If Iraq counted as the war on terror’s second battle, nations asked to get on board in Iraq may want to revisit the first battleground to see what it presages. As a bellwether of postwar reclamation projects, Afghanistan offers a bleak prospect.
In a July 1 speech, Bush said that “the people of Afghanistan are moving forward with the reconstruction of their country and the founding of a democratic government.” Yet Save the Children recently named Afghanistan among the world’s five most dangerous conflict zones for women and children. Hamid Karzai, who took office promising to unite his country, effectively functions as the president of Kabul. Warlords have carved up the rest of the territory. According to reports from the region, Al-Qaeda has reconstituted.

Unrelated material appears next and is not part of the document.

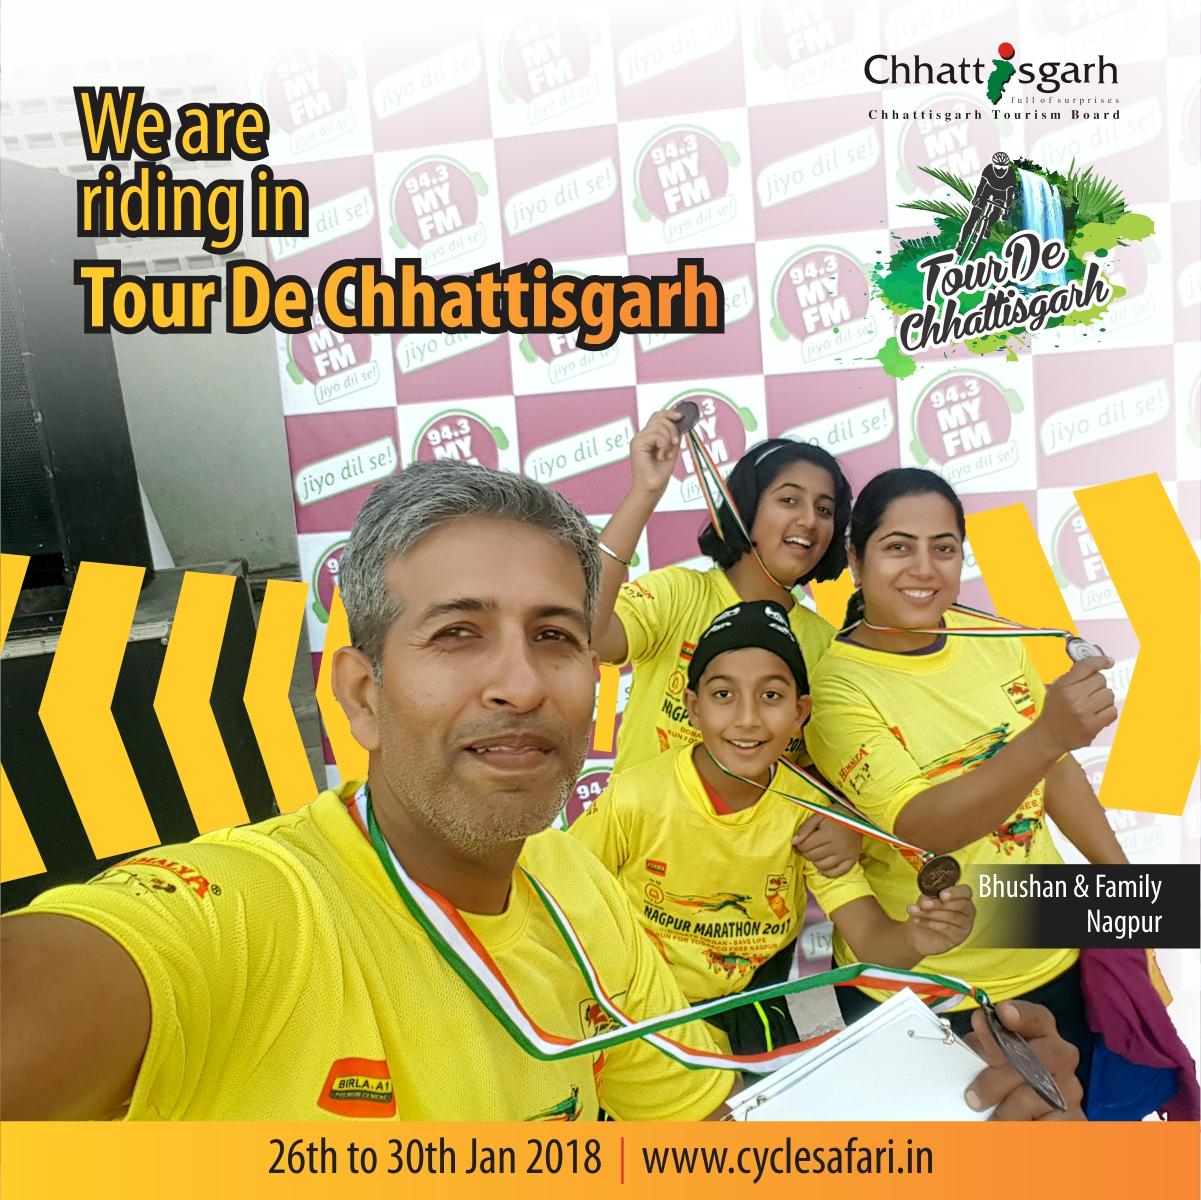 Bhushan & Family
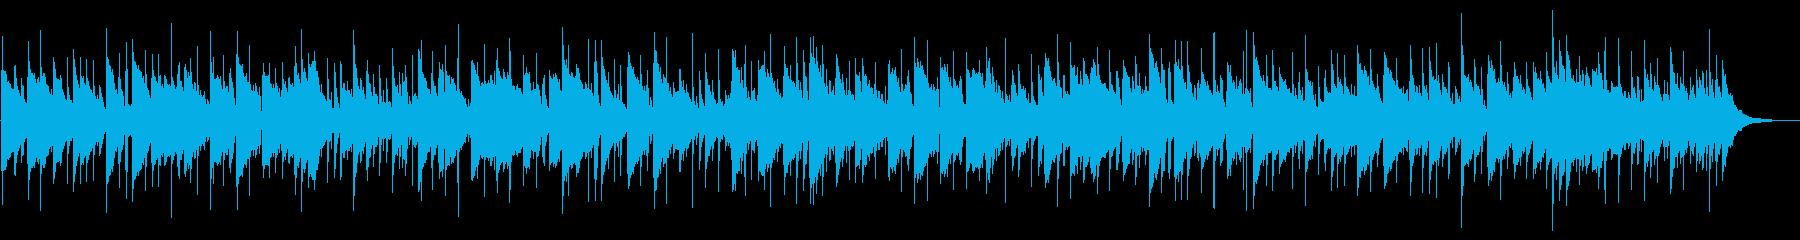 スローなカントリーバラードの再生済みの波形

Afghanistan also sets a sorry example in the arena of international cooperation. Meeting in Tokyo in January 2002, a dozen nations, the International Monetary Fund, and the World Bank pledged $5.2 billion to postwar reconstruction—a fraction of the projected costs. The immediate needs of a devastated society quickly absorbed that sum, leaving the long-term task of rebuilding Afghanistan unmet.
International ill will over U.S. and British prewar claims about weapons of mass destruction colors the debate about a collaborative solution to Iraq’s postwar problems. If focus on Afghanistan flagged so quickly, there is little chance that belated U.S. enthusiasm for a multilateralist approach in Iraq will play well in foreign capitals.
Borrowing the rhetoric of an earlier White House occupant, Bush says that Iraqis and Afghans are “better off now” than they were before U.S. military operations in their countries. That claim is irrefutable when narrowly focused on the removal of tyrannical regimes. But its broader implications remain the bones of vigorous contention in the international press, where scrutiny of Afghanistan and Iraq finds echoes of Vietnam, Lebanon, Somalia, and Chechnya.